Я едва заметно пожал плечами. Я обдумывал, как бы по тактичней выпроводить незваного гостя.
- Я понимаю, как я хорошо понимаю вас, - вдруг с сочувствием ко мне произнес Лукашевич. - Еще недавно и я был похож на вас, тоже относился ко всему, что тут происходило, с большим недоверием. Но теперь я
полностью верю тем, кто занимается с нами.
- Скажите, Антон Казимирович, - а что вы думаете о нашем кураторе Паке?
- О, это просто... - Лукашевич аж зажмурился, подбирая подходящее слово. - Это во всех отношениях замечательный человек: умница, чуткий, доброжелательный. Он мне очень сильно помогает. Без него я бы ничего не достиг. Поверьте мне, дорогой Илья Сергеевич, а я достиг очень многого. Я теперь совсем другой человек. Еще чуть-чуть и я с могу жить среди людей.
"Только в том случае, если они все такие же ненормальные", - подумал я.
- Я рад за вас. - Это я уже произнес вслух. - Кстати, а чем вы собираетесь заниматься, когда окажетесь среди этих страшных существ?
Неожиданно Лукашевич грустно посмотрел на меня.
- Вы правильно назвали этих людей страшными существами. Я всегда до ужаса их боялся. Мне казалось, что любой из них обидит меня или в лучшем случае посмеется. Но теперь я переменился, я надеюсь, что смогу выдержать испытания, которые пошлет мне Бог. - Внезапно он наклонился близко ко мне, а громкость голоса снизил почти до шепота. - Вот поэтому я к вам и пришел.
- Чем же я могу вам помочь?
- Я не прошу о помощи. Я уполномочен с вами поговорить.
- Кем же вы уполномочены? - спросил я от части удивленный, отчасти заинтригованный.
- Скоро вы все поймете. - Голос Лукашевича стал таким тихим, что мне приходилось напрягать слух. - Я рассказал о вас очень много лестного и мне поручили переговорить с вами.
- Кто поручил? - громко спросил я.
- Тише, прошу вас тише, - поспешно проговорил Лукашевич. - Об этом вы узнаете позже. Сейчас я не могу вам это сообщить. Это тайна
- Что же вы тогда можете сейчас сообщить?
Лицо моего гостя приняло заговорческое выражение.
- Здесь есть люди, которые хотят нести слово Учителя людям. Они намерены основать новую церковь, она будет совершенно непохожа на те, что уже существуют. В них давно нет никакой божьей правды, там царствует только один мертвый ритуал. А тем существам, что приходят туда, нравится его выполнять, так как это совсем легко. Они по наивности думают, что таким образом приближаются к Богу. А на самом деле... - Лукашевич многозначительно замолчал, словно готовился произнести некую великую истину.
- Что же там происходит на самом деле? - спросил я в тон ему.
- На самом деле они только отдаляются от него.
Я сделал вид, что его слова поразили меня в самое сердце.
- Это действительно важное открытие. Я всегда чувствовал нечто подобное.

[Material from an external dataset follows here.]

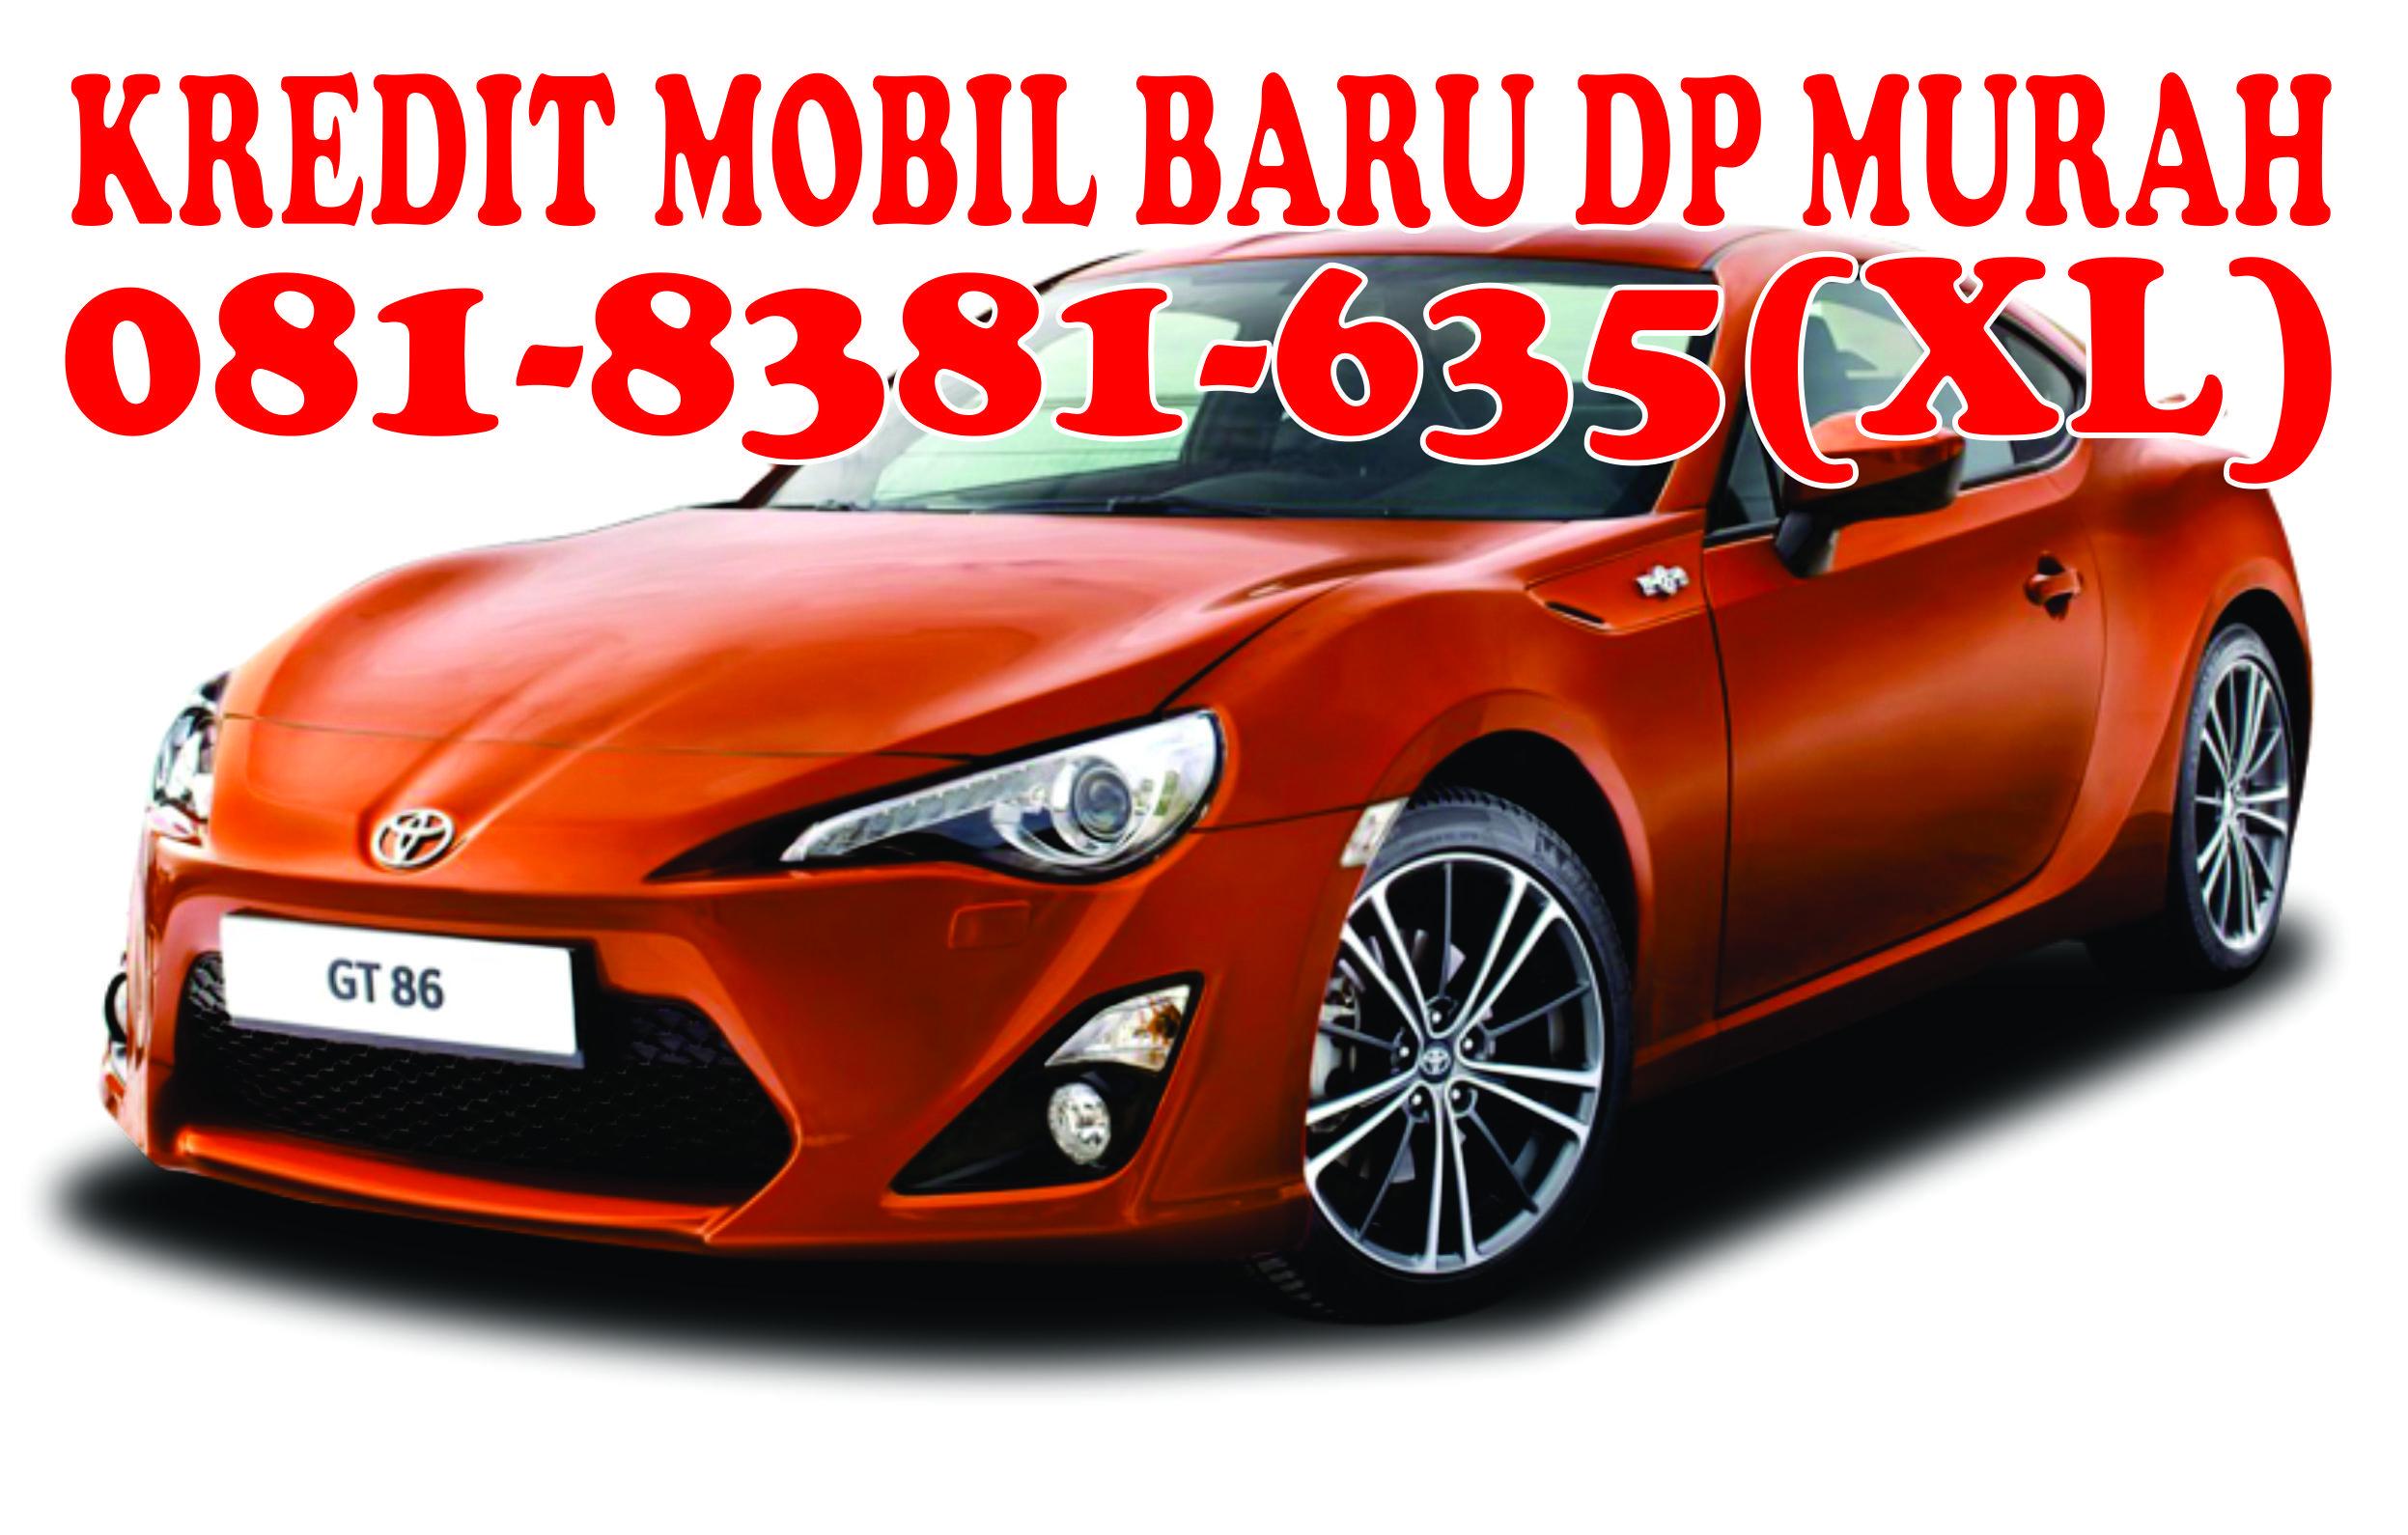 081 8381 635 Xl Dealer Toyota Surabaya Dealer Toyota Surabaya Promo Harga Harga Promo Mobil Toyota Mobil Baru

Последнее мое замечание привело моего собеседника в восторг.
- Вот видите, вы тоже согласны! Я же сразу почувствовал, что мы с вами единомышленники.
Любопытно было бы узнать, что же это за таинственные люди, думал я, посматривая на Лукашевича.
- Мы собираемся и обсуждаем наши дела, - вновь снизил голос до шепота он. - Если вы согласны, то я имею поручение пригласить вас на ближайшее заседание.
- Конечно, я согласен.
- Только очень вас прошу, никому не говорите об этом. Мы собираемся под очень большим секретом.
- Могила, - заверил я.
Хотя мы обо всем вроде бы договорились, Лукашевич покинул меня только через полчаса, в течение всего этого времени не замолкая ни на минуту. Я так обрадовался его уходу, что готов был подпрыгнуть до потолка. Тем более это было совсем не сложно, так как потолки тут нависали совсем низко над головой.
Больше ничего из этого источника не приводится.